May 4, 2009; as amended July 24, 2009


Appeal from the United States District Court for the District of New Mexico (D.C. No. CIV-06-0923 BB/WDS).

The opinion of the court was delivered by: Lucero, Circuit Judge


Before LUCERO, ANDERSON, and O'BRIEN, Circuit Judges.

This case requires us to address the extent to which a familial connection to a suspect supports either probable cause for a search warrant or reasonable suspicion for an investigative detention. Following the murder of Bernalillo County Sheriff's Deputy James McGrane, Lieutenant Gregg Marcantel and Detective Timothy Hix obtained a warrant and ordered the search of property belonging to Rick and Cindy Poolaw, the parents-inlaw of the primary suspect, Michael Paul Astorga. Marcantel later ordered the stop of Chara Poolaw, Astorga's sister-in-law. The search and stop were based on little more than the Poolaws' status as Astorga's in-laws.

Although we are sympathetic to the urgency of the officers' search for Astorga, we conclude that these actions violated the Fourth Amendment.
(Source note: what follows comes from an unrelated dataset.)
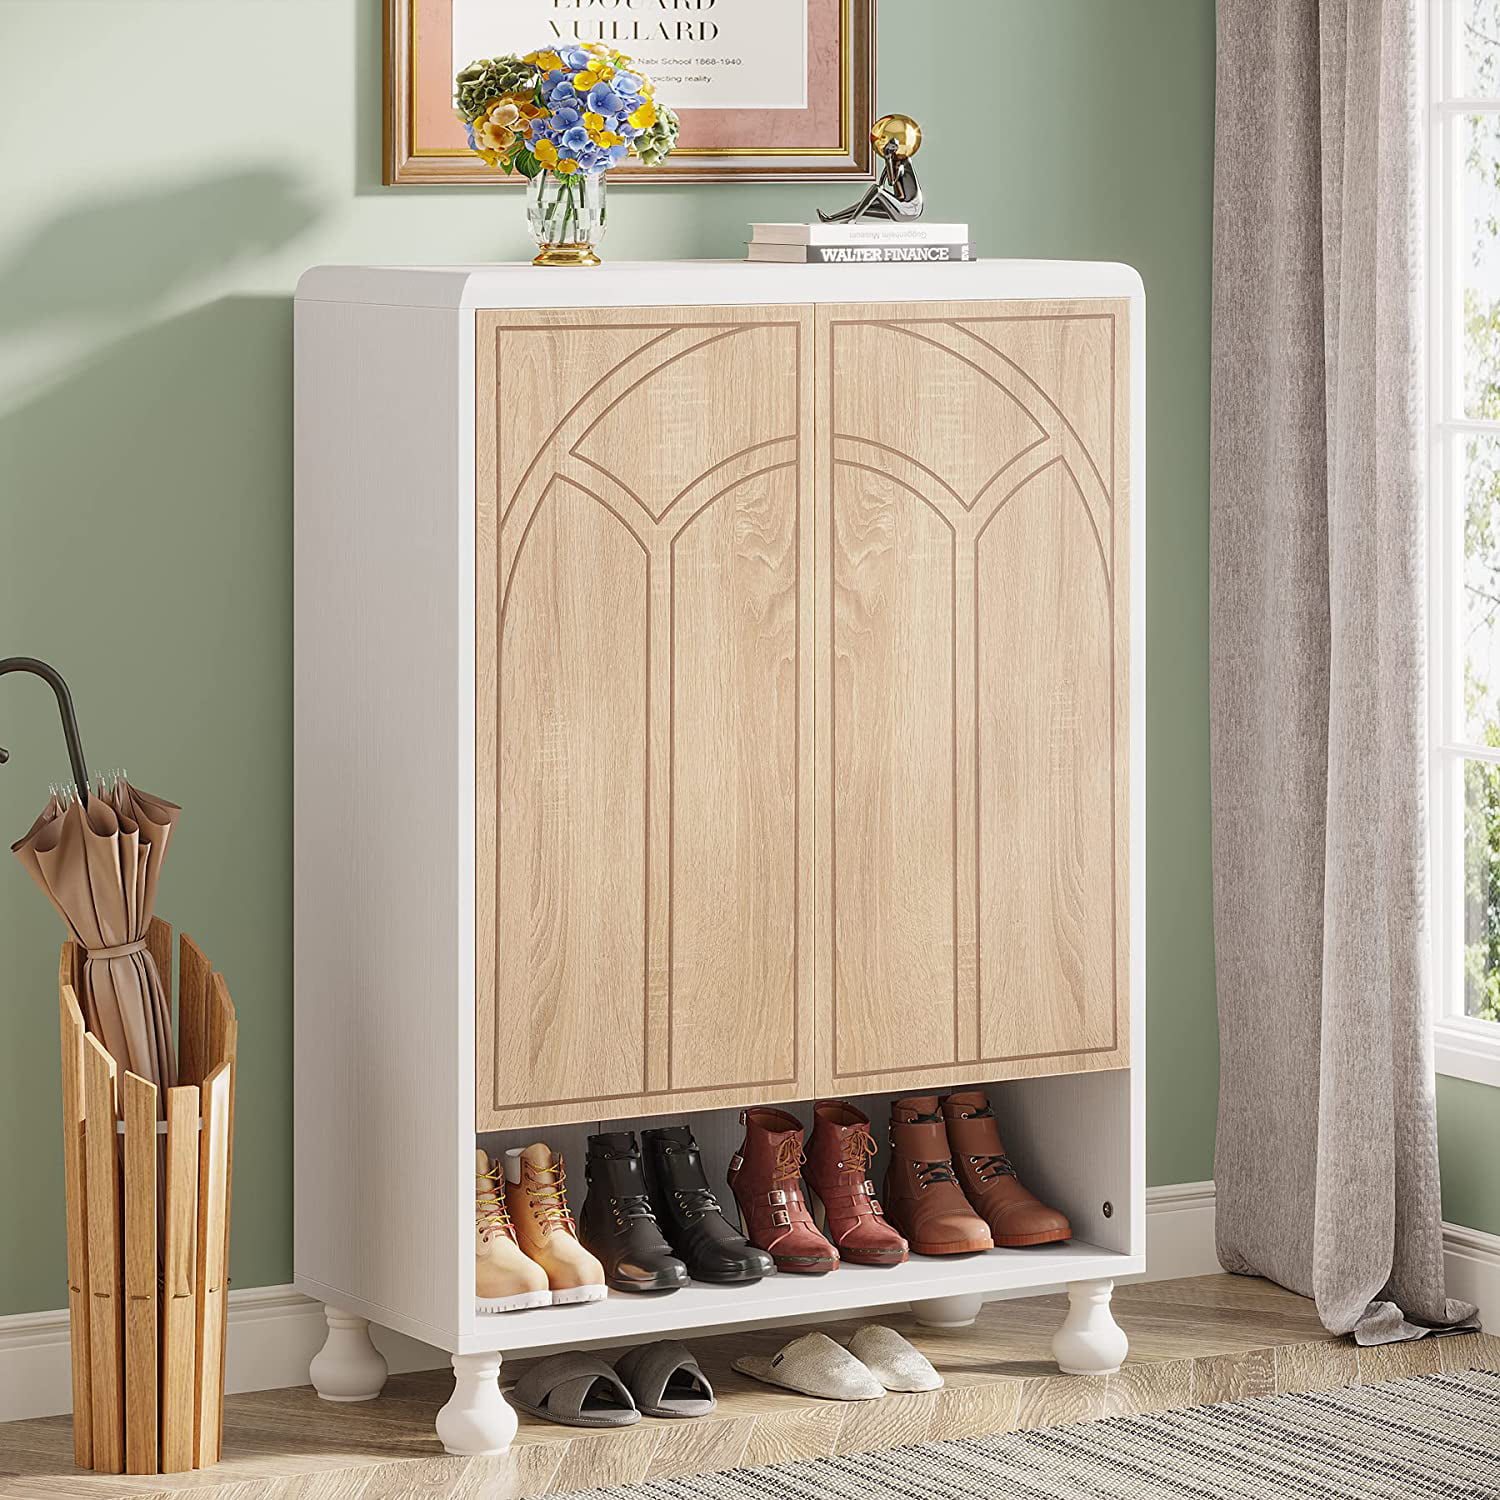 SimplyNeu 14 in. W D x 25.375 in. W x 84 in. H Seashore Grey Shoe Storage  Tower Wood Closet System SNT4-CG - The Home Depot

Adhering to established Supreme Court precedent and the unanimous case law of this and other courts, we hold that a familial relationship is insufficiently particularized to justify invading an individual's reasonable expectation of privacy. Applying this rule to the present case, we conclude that the Poolaws' status as Astorga's in-laws, combined with the meager additional facts known to Marcantel and Hix, were insufficient to support a finding of either probable cause to search the property or reasonable suspicion to detain Chara.*fn1 Further, because these Fourth Amendment principles were clearly established at the time of their actions, Marcantel and Hix are not entitled to qualified immunity. We have jurisdiction under 28 U.S.C. § 1291, Mitchell v. Forsyth, 472 U.S. 511, 530 (1985), and we affirm.



In the early hours of March 22, 2006, Bernalillo County Sheriff's Deputy James McGrane was shot and killed while conducting a traffic stop. Bernalillo County Sheriff's Office ("BCSO") investigators determined that the truck Deputy McGrane had stopped belonged to Astorga, who was also wanted in connection with the November 2005 homicide of Candido Martinez. Based on this information, the investigators identified Astorga as the primary suspect in the McGrane homicide, and a manhunt ensued.
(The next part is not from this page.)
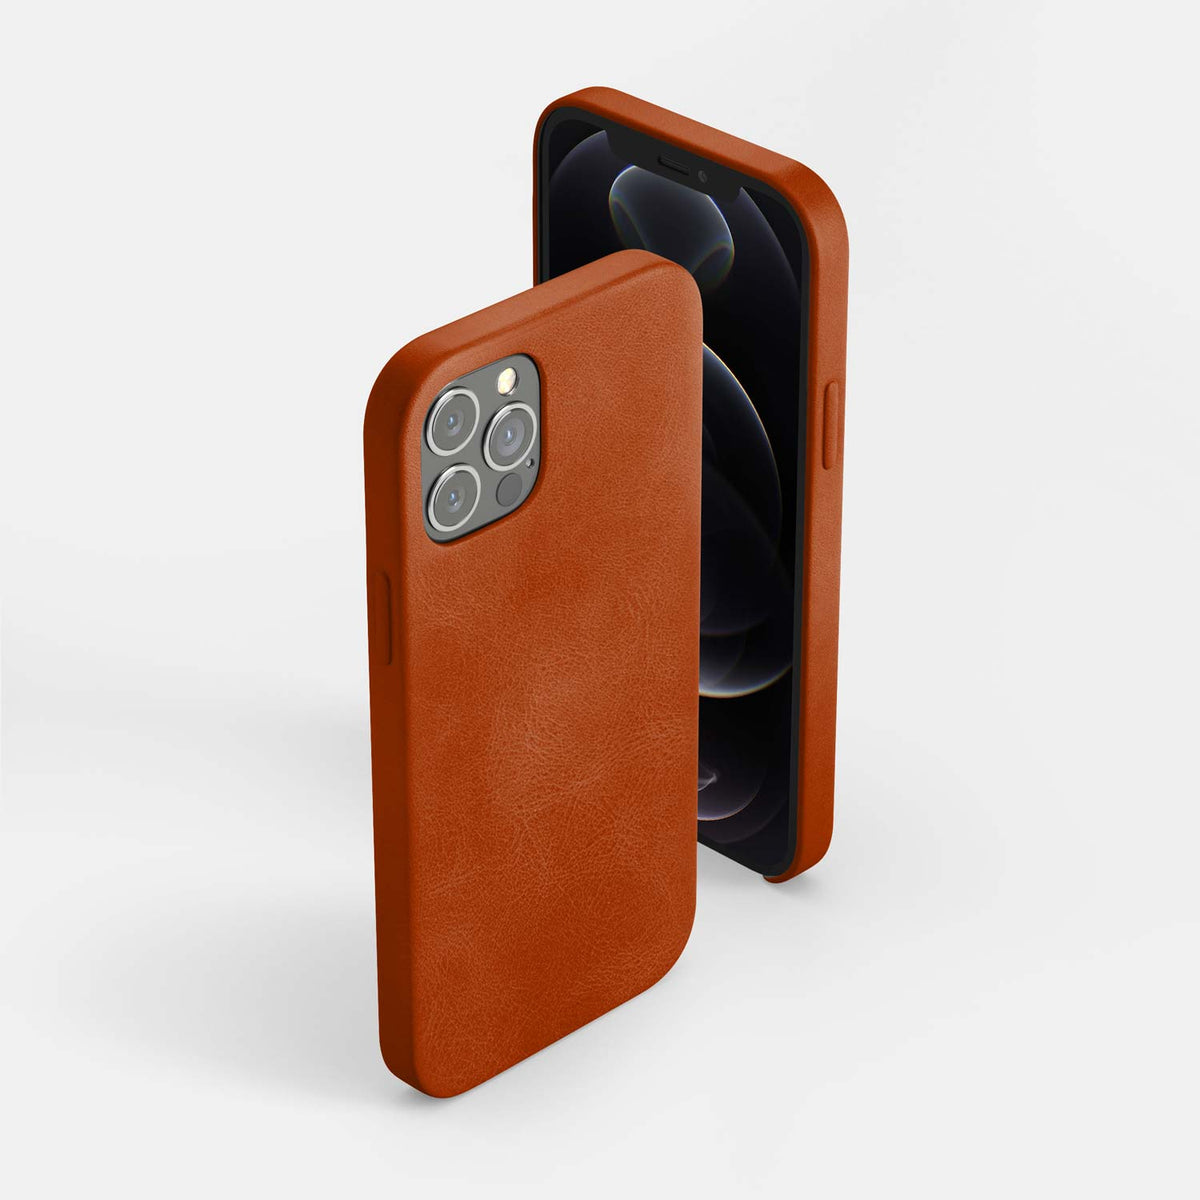 Leather iPhone 12 Pro Shell Case - Saddle Brown - RYAN London

BCSO investigators discovered that Astorga had been in the area of the McGrane homicide on the night in question and that he lived at #31 Lark Road, approximately fifteen miles south of where McGrane was killed. Neighbors of #31 Lark Road told investigators that a man matching Astorga's description had recently moved in with his "pregnant girlfriend." Upon canvassing the area, officers also found the vehicle Deputy McGrane had stopped the night he was killed parked in the vicinity of Astorga's address.

Investigators then sought out Marcella because Astorga had listed her as his spouse and emergency contact when he had been arrested in the past. After detectives failed to locate Marcella at her known address, Lieutenant Marcantel telephoned Rick, a retired New Mexico State Police officer and acquaintance. Rick confirmed that Marcella was his daughter and that she was pregnant by Astorga. He also told Marcantel that she had spent the night of March 21 at Rick and Cindy's home. Throughout the day, Rick called Marcantel to tell him that Marcella was no longer at the house, that she had uncharacteristically called in sick to work, and, then, that he had ultimately located her.
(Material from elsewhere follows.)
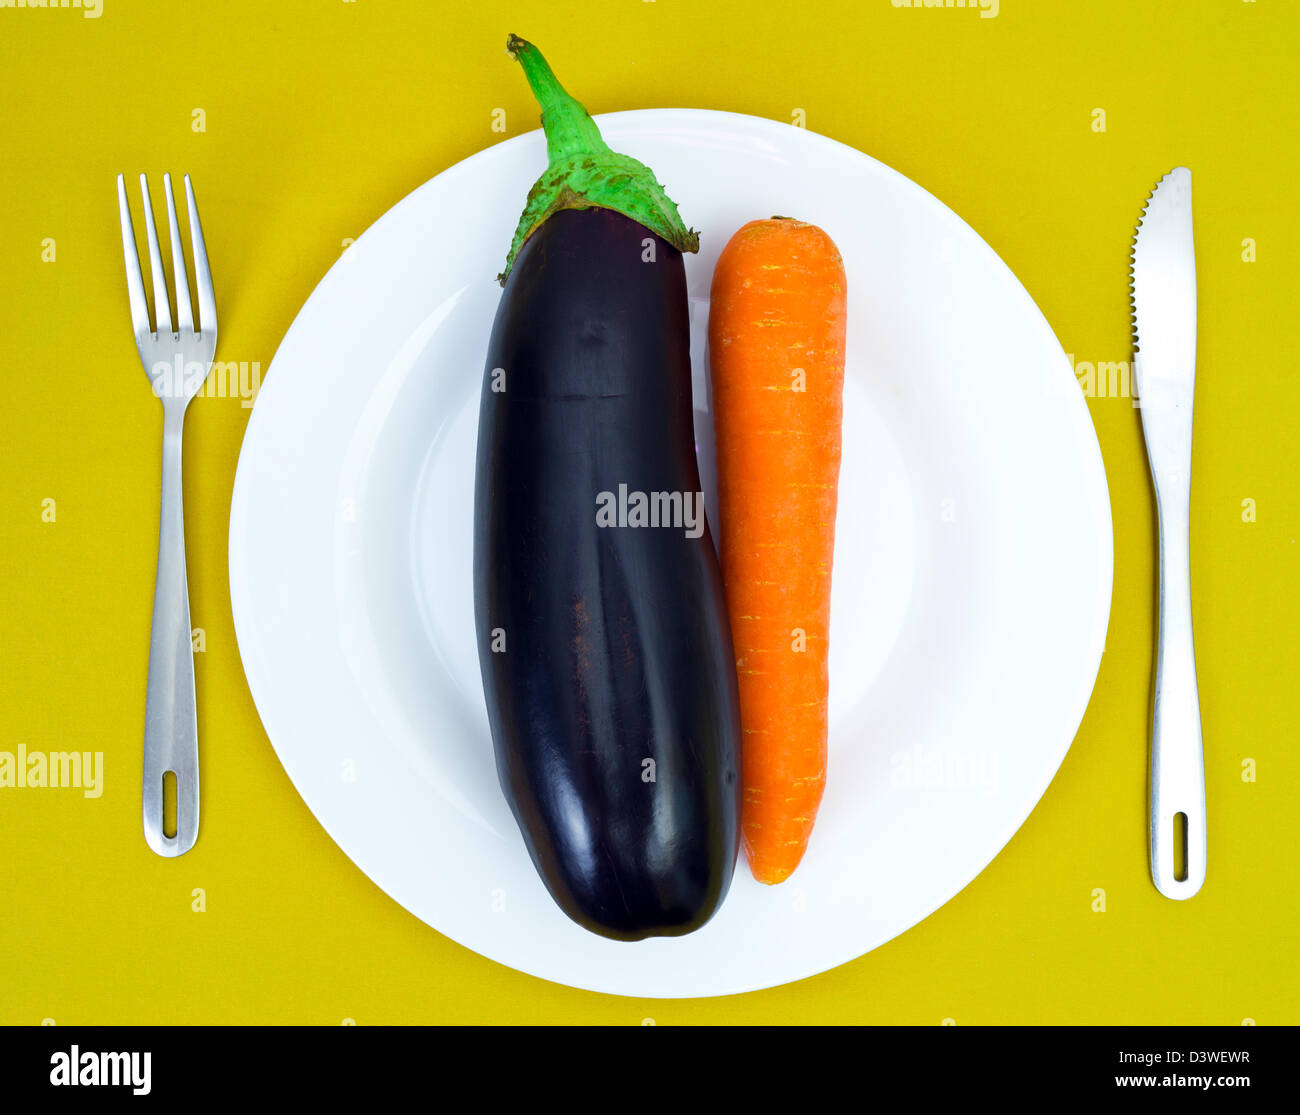 Eggplant and carrot on a white plate Stock Photo

At the time of the investigation, Rick lived at 343 Calle Del Banco with Cindy and their daughter Chara.*fn2 Two days after the McGrane homicide, Astorga remained at large. BCSO investigators, including Marcantel and Hix, decided that the Poolaws' property should be searched.Hix prepared an affidavit seeking a warrant to search the Poolaws' property ("the Hix affidavit"), in which he provided a general description of the McGrane homicide and investigation. In the affidavit, Hix gave specific information explaining why Astorga was identified as the suspect. He then asserted a connection between Astorga and the Poolaws' property:

On previous arrests, Michael Paul Astorga listed Marcella Astorga as his spouse and emergency contact. Police detectives have had contact with Ms. Marcella Astorga, and know her as Marcella Poolaw, and that she is currently pregnant. . . . .

BCSO Lieutenant G. Marcantel recognized the name Poolaw and contacted Rick Poolaw at approximately 0830 hours and confirmed he had a daughter named Marcella Poolaw and she was pregnant by Michael Paul Astorga. Rick advised Lieutenant Marcantel that when he left home (343 Calle Del Banco, described above to be searched) that morning, Marcella had got up and was getting ready for work (indicating that she resides there at least part time). Rick Poolaw told Lieutenant Marcantel he would attempt to locate his daughter. Rick later contacted Lieutenant Marcantel and advised him that he had contacted Marcella's place of employment, and was told she had called in sick. Rick stated that Marcella had not indicated to him that she was sick and that it was very unusual for her not to show up for work. Rick stated that he would continue to attempt to locate Marcella. Based on the apparent fact that Marcella Poolaw (Astorga) resides at least part time at 343 Calle Del Banco (described above to be searched) it would be reasonable to assume that her husband, Michael Astorga, resides there at least part time as well and may have left or hidden evidence related to this crime at this residence. It is also reasonable to assume that, because the entire property is owned by Michael Astorga's in-laws, that he may have secreted himself or any evidence within any of the structures on the property.

In addition, the affidavit included the facts that Astorga was recently seen by neighbors moving in at #31 Lark Road with his "girlfriend" and that "[d]etectives attempted to contact [Marcella] at her residence located at 9820 Edith NW, but she was not there." A New Mexico state court judge issued a warrant on the afternoon of March 24.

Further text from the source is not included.